По-видимому, нам нужно овладеть иным, более мудрым, может быть даже мистическим, пониманием животного мира. Отрезанный от природы, существующий с помощью искусственных, выдуманных навыков и приемов, человек нашей цивилизации созерцает создания природы сквозь увеличительное стекло своих знаний. Мы относимся к животным снисходительно благодаря их кажущейся незаконченности. Их судьба нам кажется трагической, предопределившей для них более низкую ступень развития по сравнению с человеком Мы ошибаемся и ошибаемся невероятно. О животных нельзя судить по людским меркам. В мире более древнем и совершенном, чем наш мир, они существуют как вполне совершенные и законченные создания, одаренные диапазоном ощущений, давно утерянных человеком, либо чувствами, ему недоступными: они живут в мире слов, которых мы никогда не услышим. Животные не являются ни нашими братьями, ни подчиненными, это другие народы, подобно нам пойманные в сети жизни и времени, товарищи в свершении земных трудов.
Послеполуденное солнце, красное, как раскаленное железо, склоняется к горизонту; прилив вползает вверх по пляжу, и пенная кромка окрашена в необычный малиновый цвет; в нескольких милях от берега грузовой пароход, появившись на горизонте со стороны отмелей, пробирается на север.

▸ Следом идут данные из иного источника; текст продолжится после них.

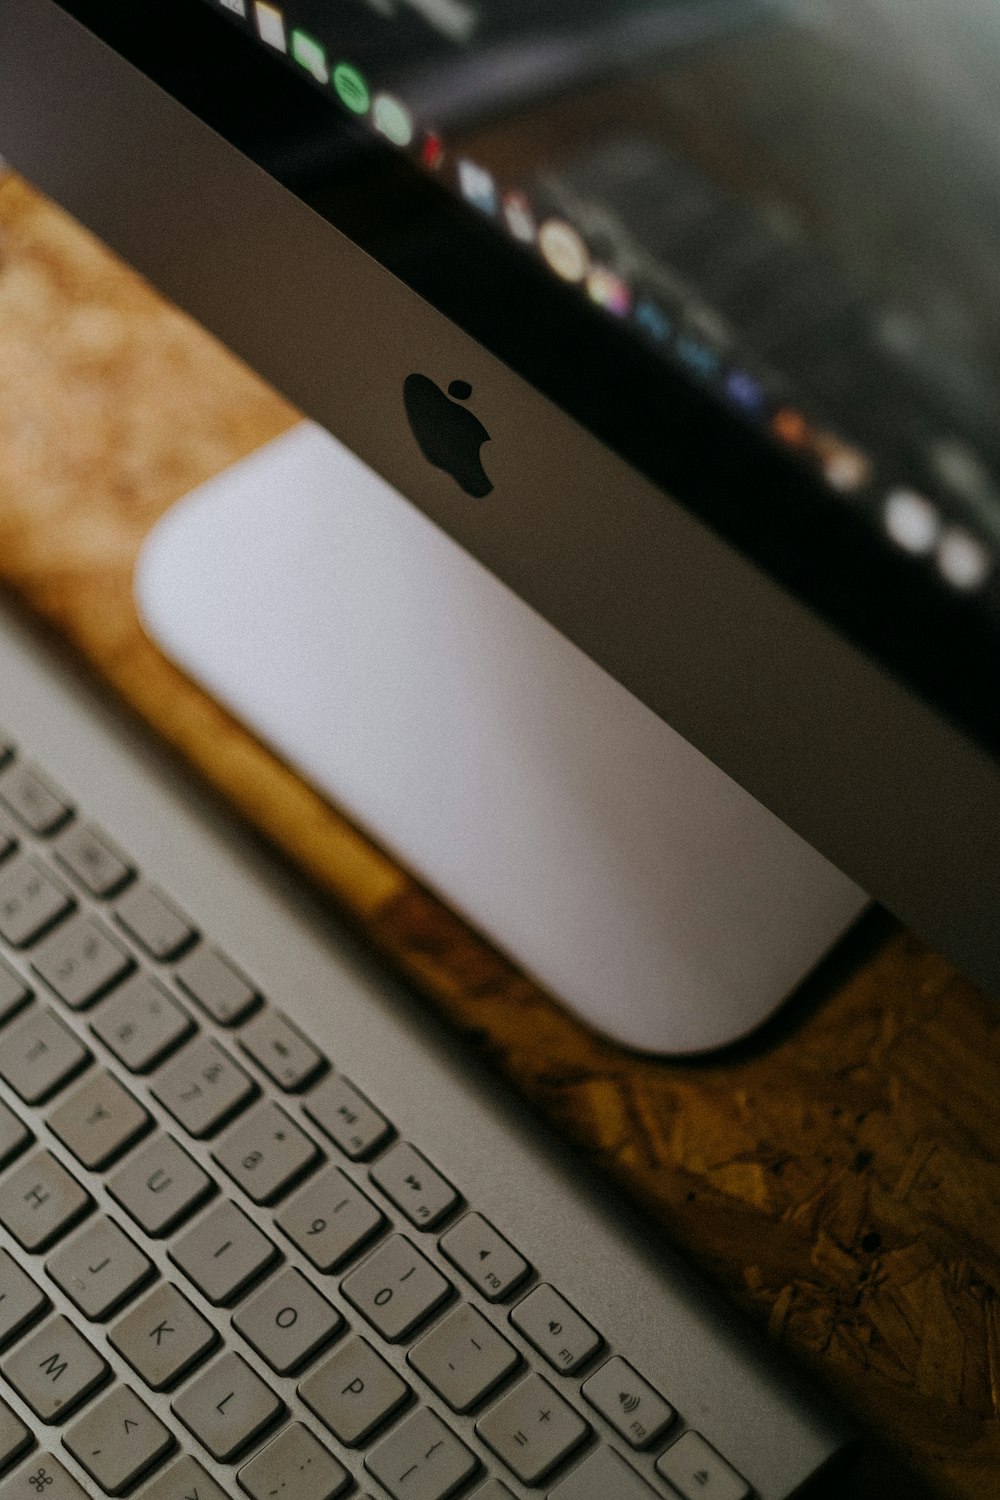 iMac plateado encendido junto al teclado blanco de Mac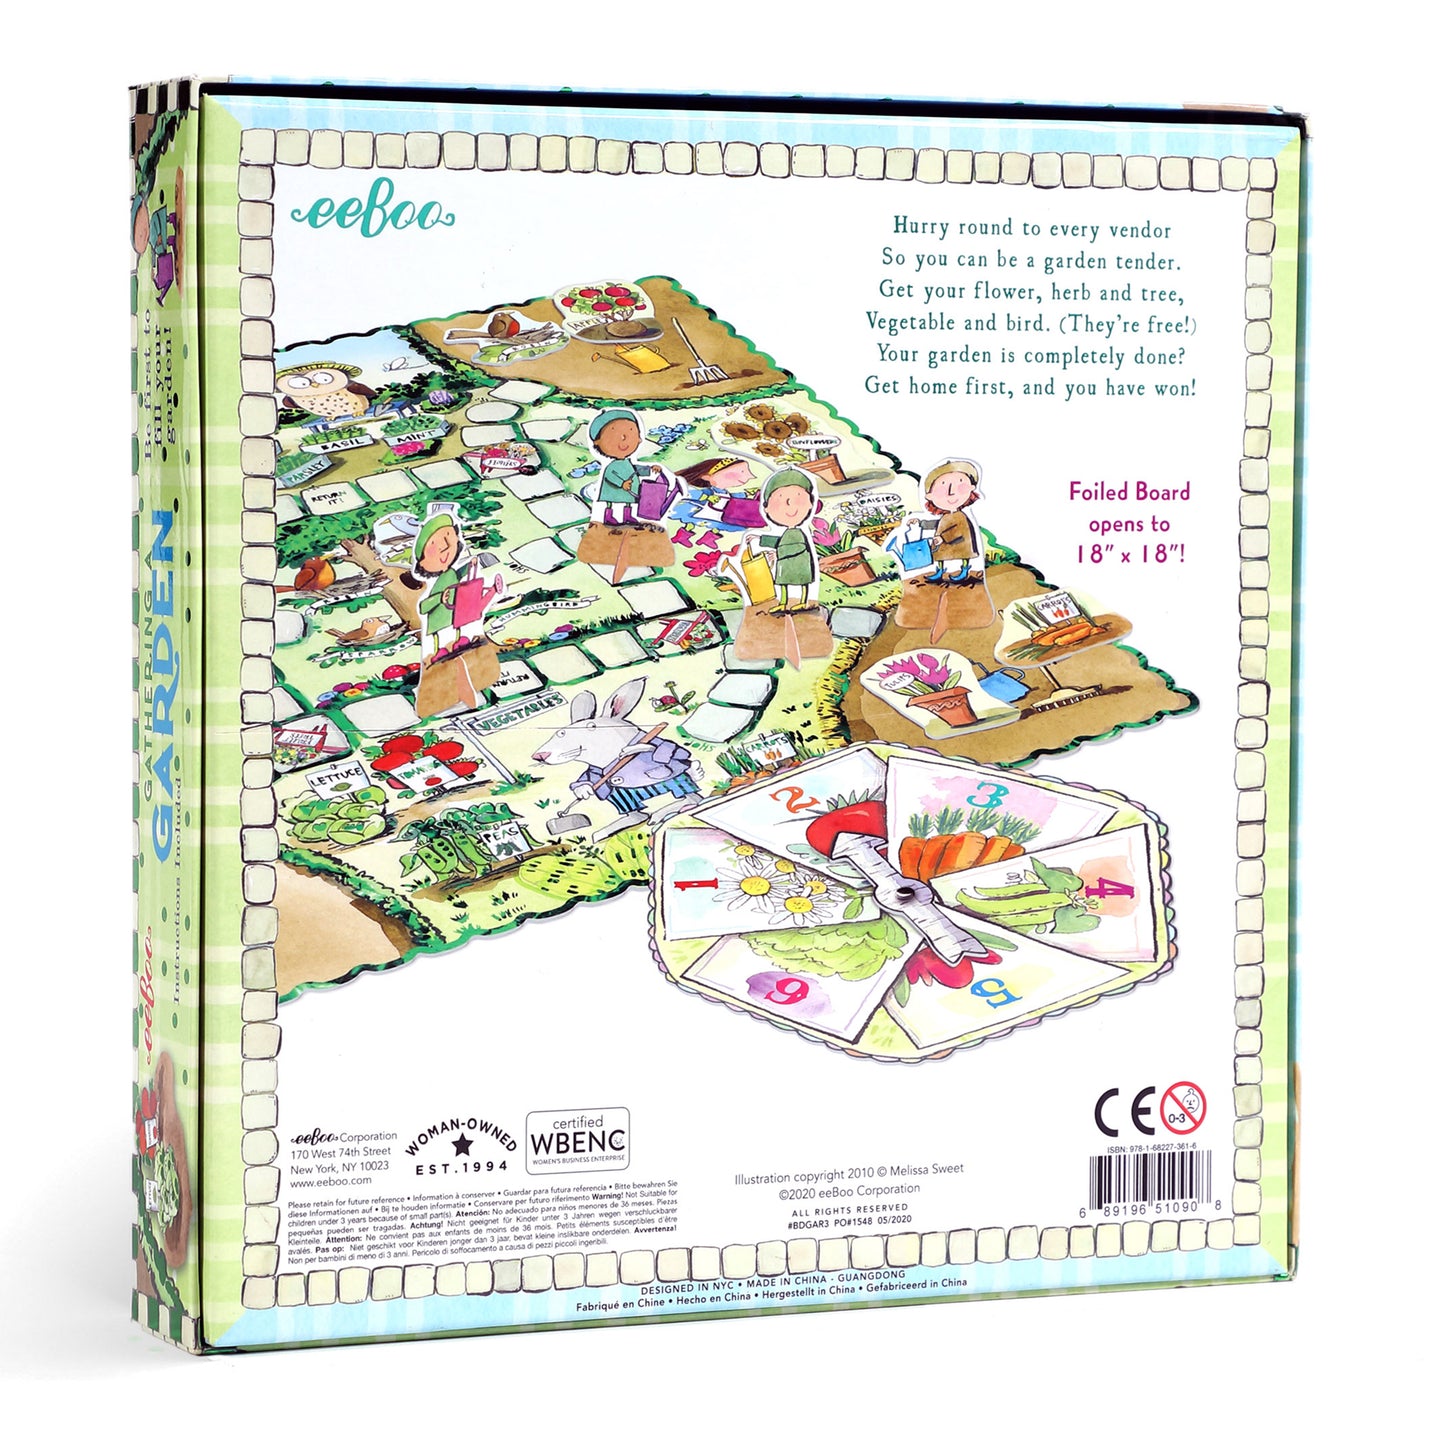 Gathering a Garden | Award Winning Kids Board Game by eeBoo

Случилось так, что мягким сентябрьским утром, когда я подошел к окну, выходящему на запад, в сторону топей и по-осеннему голубых проток, среди чаек распространилось непонятное волнение. Наступающий прилив успел оттеснить птиц на возвышенные бары и банки, усыпанные гравием. И вот с этих-то островков, словно серебристые облачка, срывались целые стаи и уносились на юг в стремительном бегстве. Это был настоящий шторм крыльев. Я заметил, что чайки летели необычно низко. Заинтересовавшись, я пожелал узнать причину суматохи и выскочил на бельведер моей дюны. Глядя вслед исчезающим чайкам, я в то же время вопросительно посматривал на небо и вскоре увидел высоко над птицами и несколько позади них орла, приближавшегося ко мне сквозь воздушный простор. Он появился в голубом небе из-за плюмажа облака, нависающего над землей, и направлялся к югу, в сторону открытого океана, паря на совершенно неподвижных крыльях. Судя по всему, линия его полета совпадала с изгибами какой-то протоки далеко под ним.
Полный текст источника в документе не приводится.